Fix Python/C++ interop bugs exposed by PR #213 tests#315
Fix Python/C++ interop bugs exposed by PR #213 tests#315
Conversation
|
@phlexbot format |
|
No automatic markdownlint fixes were necessary. |
|
No automatic cmake-format fixes were necessary. |
|
No automatic clang-format fixes were necessary. |
|
No automatic jsonnetfmt fixes were necessary. |
There was a problem hiding this comment.
Pull request overview
Re-applies three targeted correctness fixes to the Phlex Python plugin after PR #313’s refcount changes were reverted, and adds a standalone reference-counting design note intended to prevent future leaks/crashes when declared_transform caching is involved.
Changes:
- Fix
py_callback::callv()to applylifeline_transform()(matchingcall()), ensuringPhlexLifeline-wrapped numpy views are unwrapped before calling Python. - Make
VECTOR_CONVERTERerror paths throw instead of returning(intptr_t)nullptr, avoidingPyObject_CallFunctionObjArgsargument truncation via sentinel nulls. - Fix
ll_newto returnnullptrontp_allocfailure (avoid null dereference), and addpython-refcounting.mddescribing the intended ownership model.
Reviewed changes
Copilot reviewed 3 out of 3 changed files in this pull request and generated 1 comment.
| File | Description |
|---|---|
| plugins/python/src/modulewrap.cpp | Fixes callv() lifeline unwrapping; changes vector converters to throw on error instead of returning null. |
| plugins/python/src/lifelinewrap.cpp | Prevents null deref in ll_new by returning nullptr on allocation failure. |
| plugins/python/src/python-refcounting.md | Documents the intended reference-counting/ownership model and key pitfalls for the Python plugin. |
Codecov Report❌ Patch coverage is
❌ Your patch check has failed because the patch coverage (63.63%) is below the target coverage (80.00%).
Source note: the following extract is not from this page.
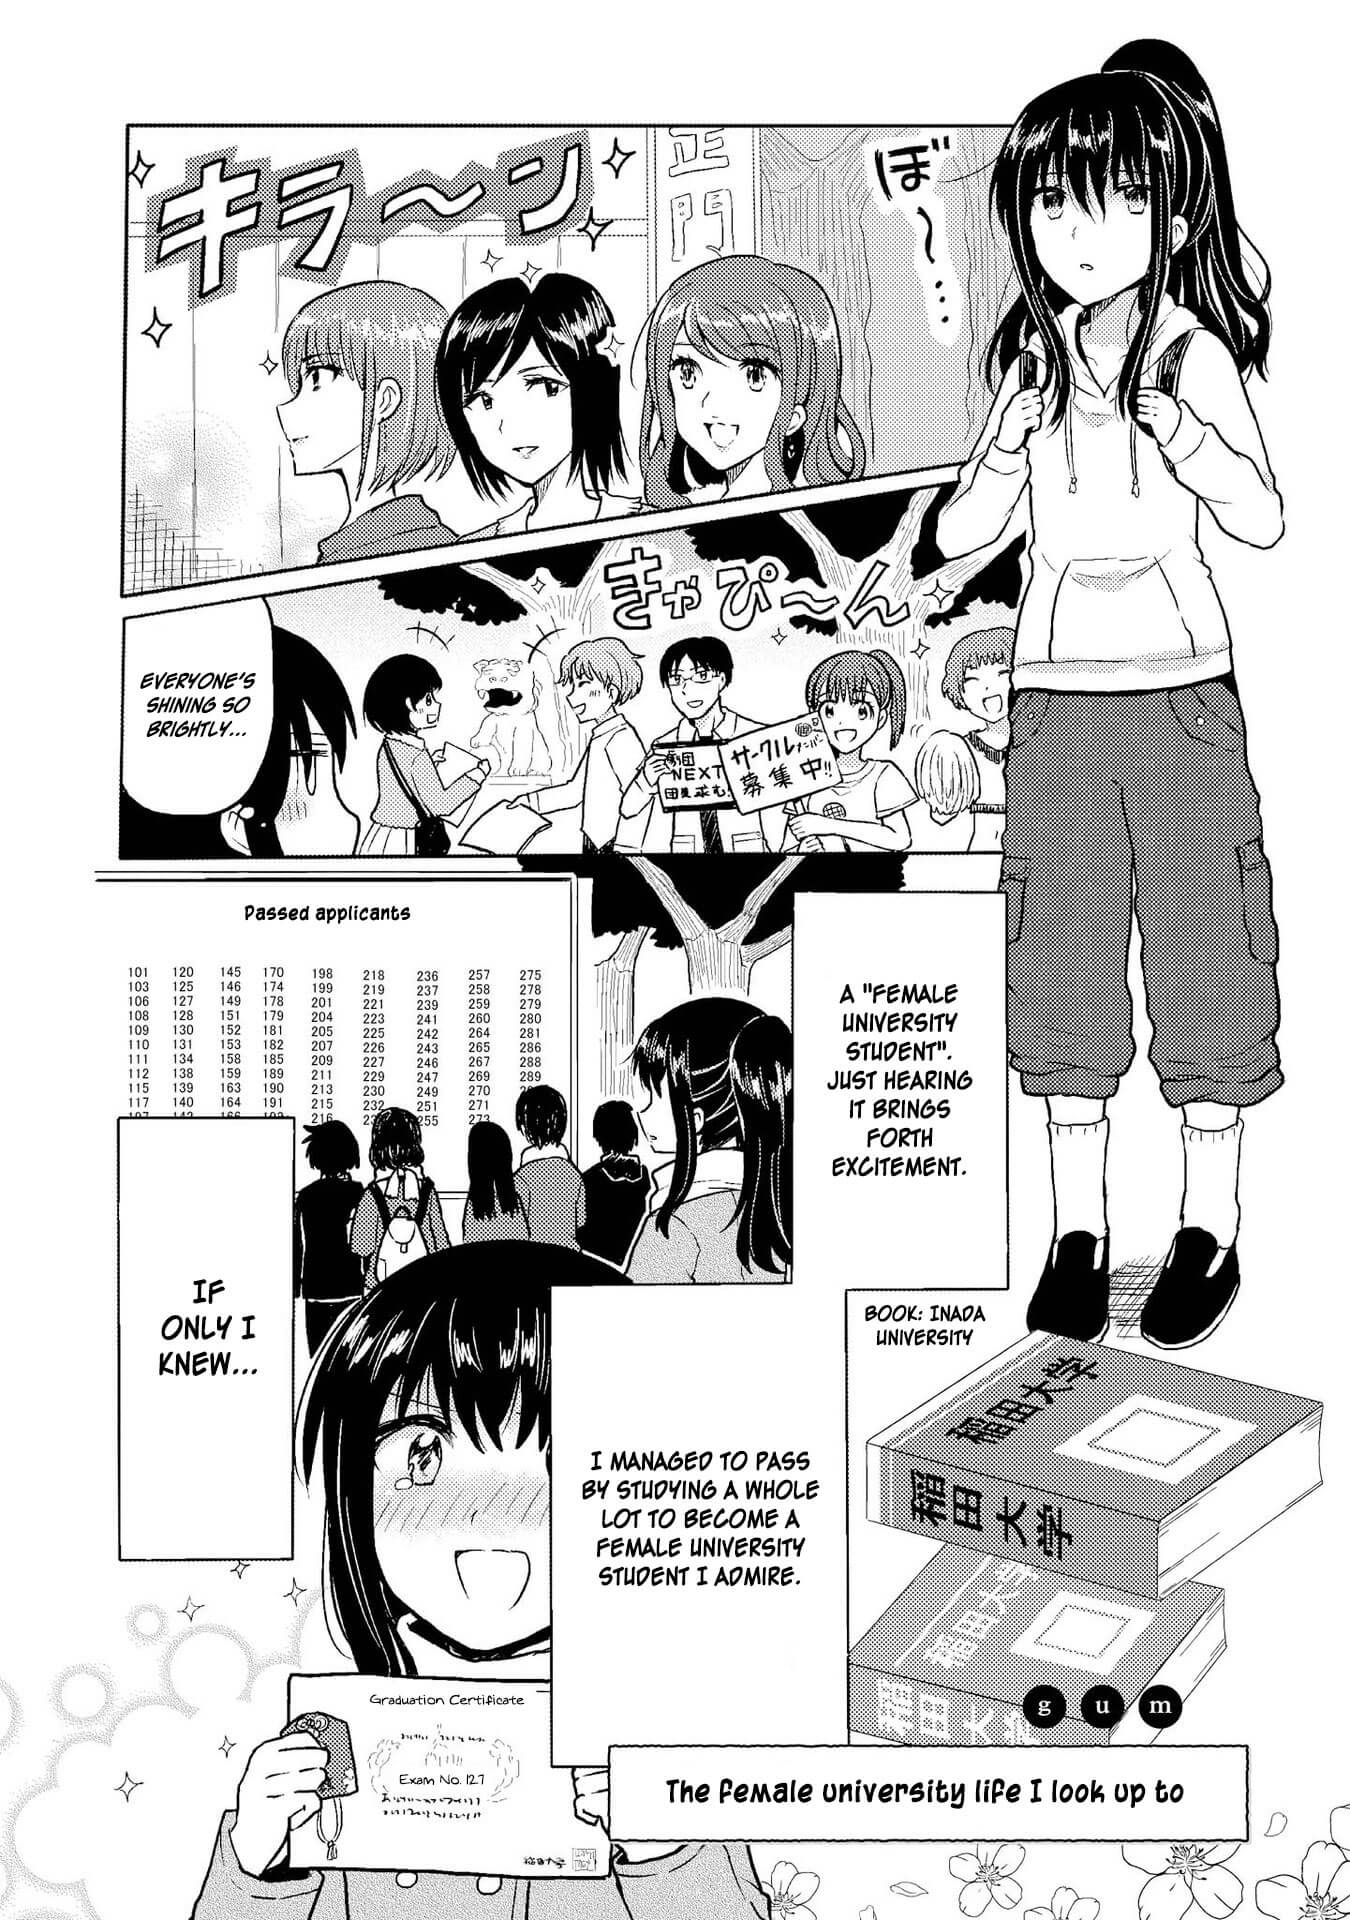 Hyottoshite Gyaru wa Orera ni Yasashii no Dewa? Anthology Comic Vol.1 Chapter 5: The female university life I look up to

You can increase the patch coverage or adjust the target coverage. @@ Coverage Diff @@
## main #315 +/- ##
==========================================
- Coverage 80.29% 80.14% -0.16%
==========================================
Files 126 126
Lines 3065 3092 +27
Branches 545 551 +6
==========================================
+ Hits 2461 2478 +17
- Misses 383 387 +4
- Partials 221 227 +6
Flags with carried forward coverage won't be shown. Click here to find out more.
... and 3 files with indirect coverage changes Continue to review full report in Codecov by Sentry.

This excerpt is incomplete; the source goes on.